# Which live bait?



## Star1pup (Aug 3, 2004)

Which live bait works best for you? I'm more interested in what you use for inland walleye fishing that Lake Erie.

I thought I'd post a poll for minnows, leeches & nightcrawlers, but couldn't figure out how to do it.


----------



## Star1pup (Aug 3, 2004)

This has been interesting and now I see that minnows are catching up to nightcrawlers. It would be even more informing if we shared ow we used our favorite bait. I use both minnows and nightcrawlers, but nightcrawlers are easier to store. I usually troll them on an Erie Dearie or harness.
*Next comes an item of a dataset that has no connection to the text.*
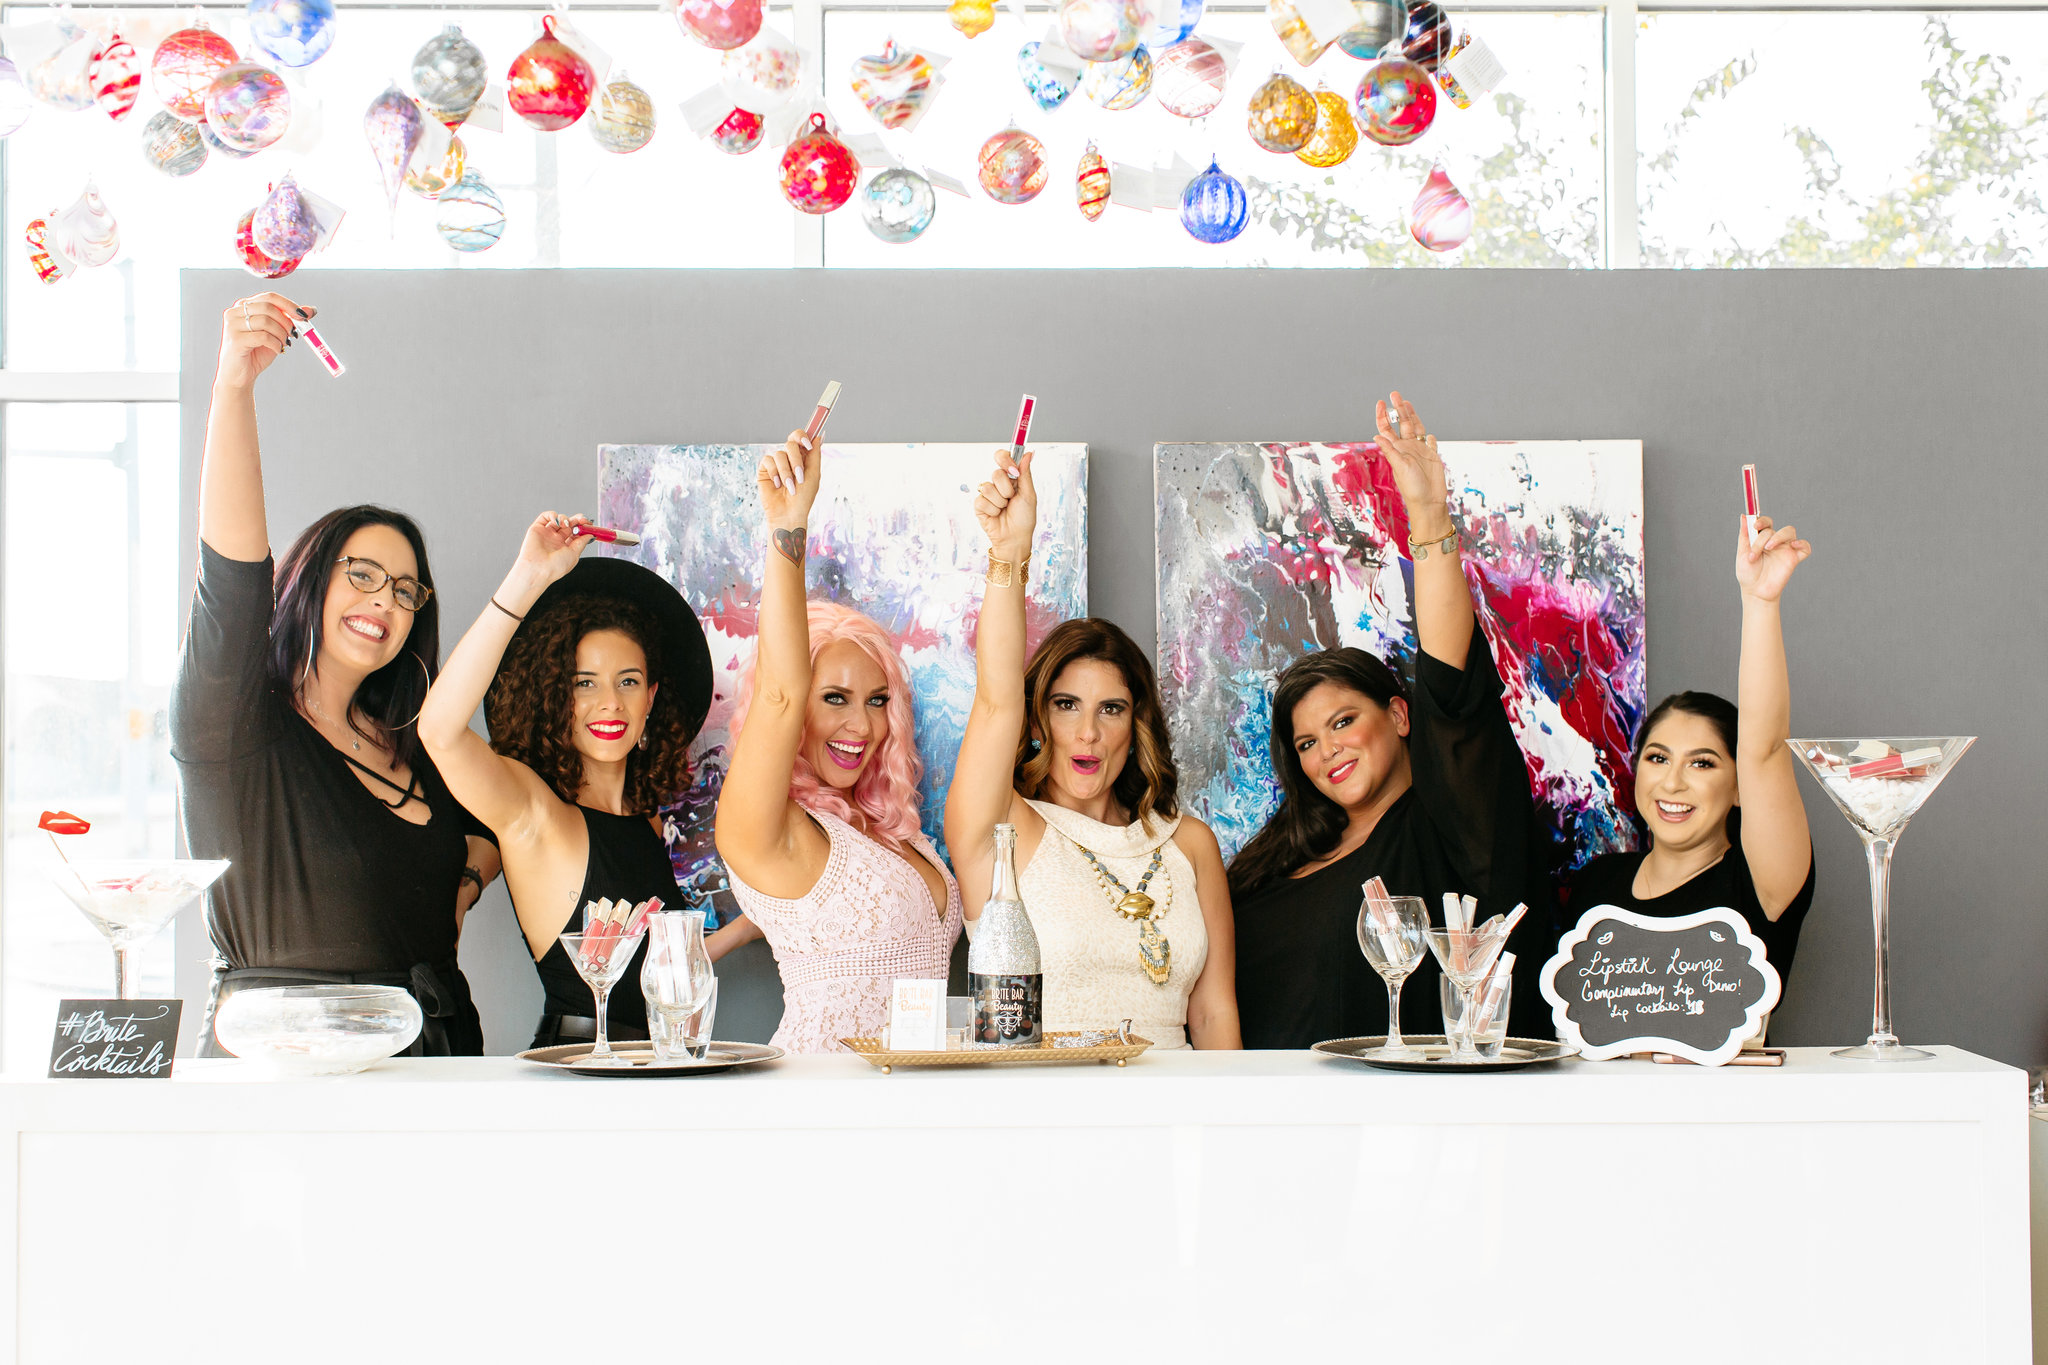 Alexa-Vossler-Photo_Dallas-Event-Photographer_Brite-Bar-Beauty-2018-Lipstick-Launch-Party-128.jpg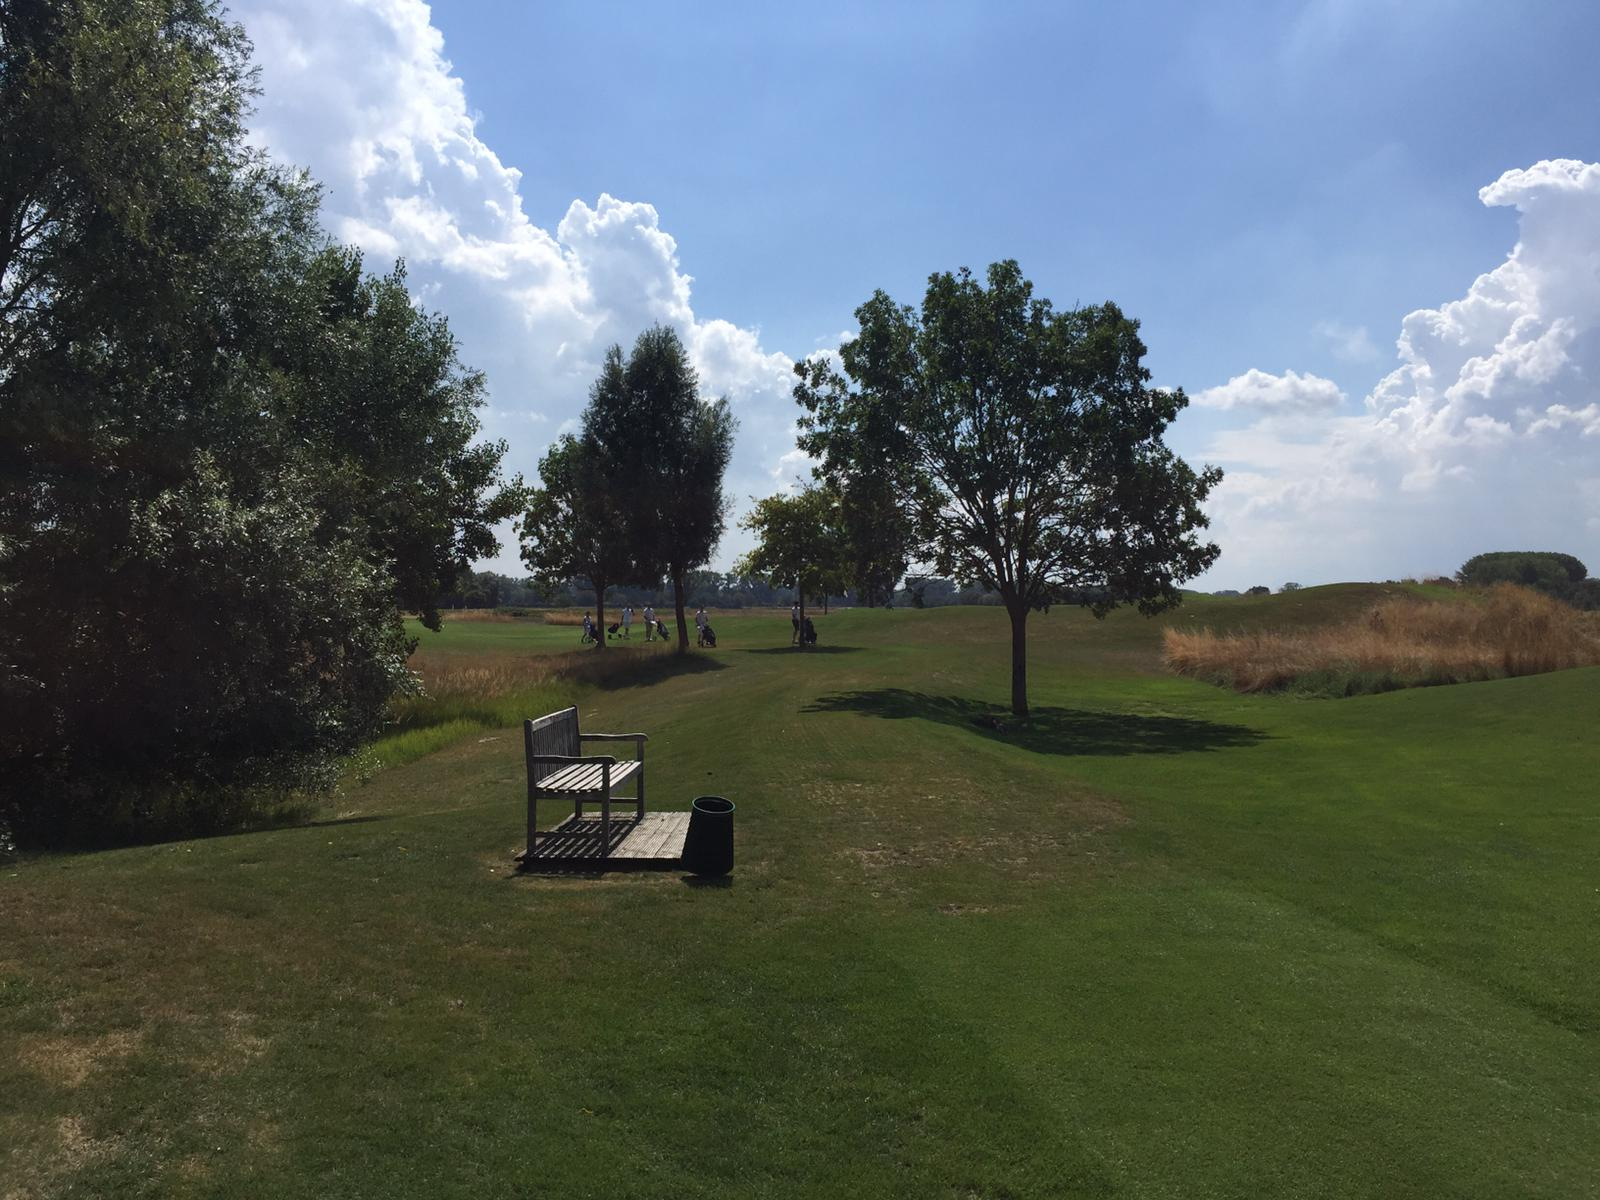 4_Golfturnier_Soroptimist_Golf_en_blanc

Has anyone read the book "Lunkers Love Nightcralers"? Lots of interesting techiques in that book.


----------



## Snakecharmer (Apr 9, 2008)

Star1pup said:


> This has been interesting and now I see that minnows are catching up to nightcrawlers. It would be even more informing if we shared ow we used our favorite bait. I use both minnows and nightcrawlers, but nightcrawlers are easier to store. I usually troll them on an Erie Dearie or harness.
> 
> Has anyone read the book "Lunkers Love Nightcralers"? Lots of interesting techiques in that book.


That'a classic from the 70's. My go to hook is the #8 Aberdeen light wire for smallies in Canada


----------



## Star1pup (Aug 3, 2004)

Talk about a pain! My crawlers suddenly died and I have no idea why as I've always had good luck keeping them, even over winter. Maybe I got a bad batch of worms and they contaminated the whole lot. To be sure I bought a new worm ox and all new everything.


----------



## ssv1761982 (Jun 2, 2004)

Hey, I stil have Lunker Love nightcrawlers. Read it about 40 years ago. I have thought about rereading it because I have gotten away from some of the basics that would probly be good to get back too.


----------



## Star1pup (Aug 3, 2004)

ssv1761982 said:


> Hey, I stil have Lunker Love nightcrawlers. Read it about 40 years ago. I have thought about rereading it because I have gotten away from some of the basics that would probly be good to get back too.


I've read it a couple times and plan to read it again. When I tell my wife the part about conditioning your nightcrawlers she starts to laugh and pretends to lead the crawlers in jumping jacks.  That lady sure knows how to make fun of a guy.


----------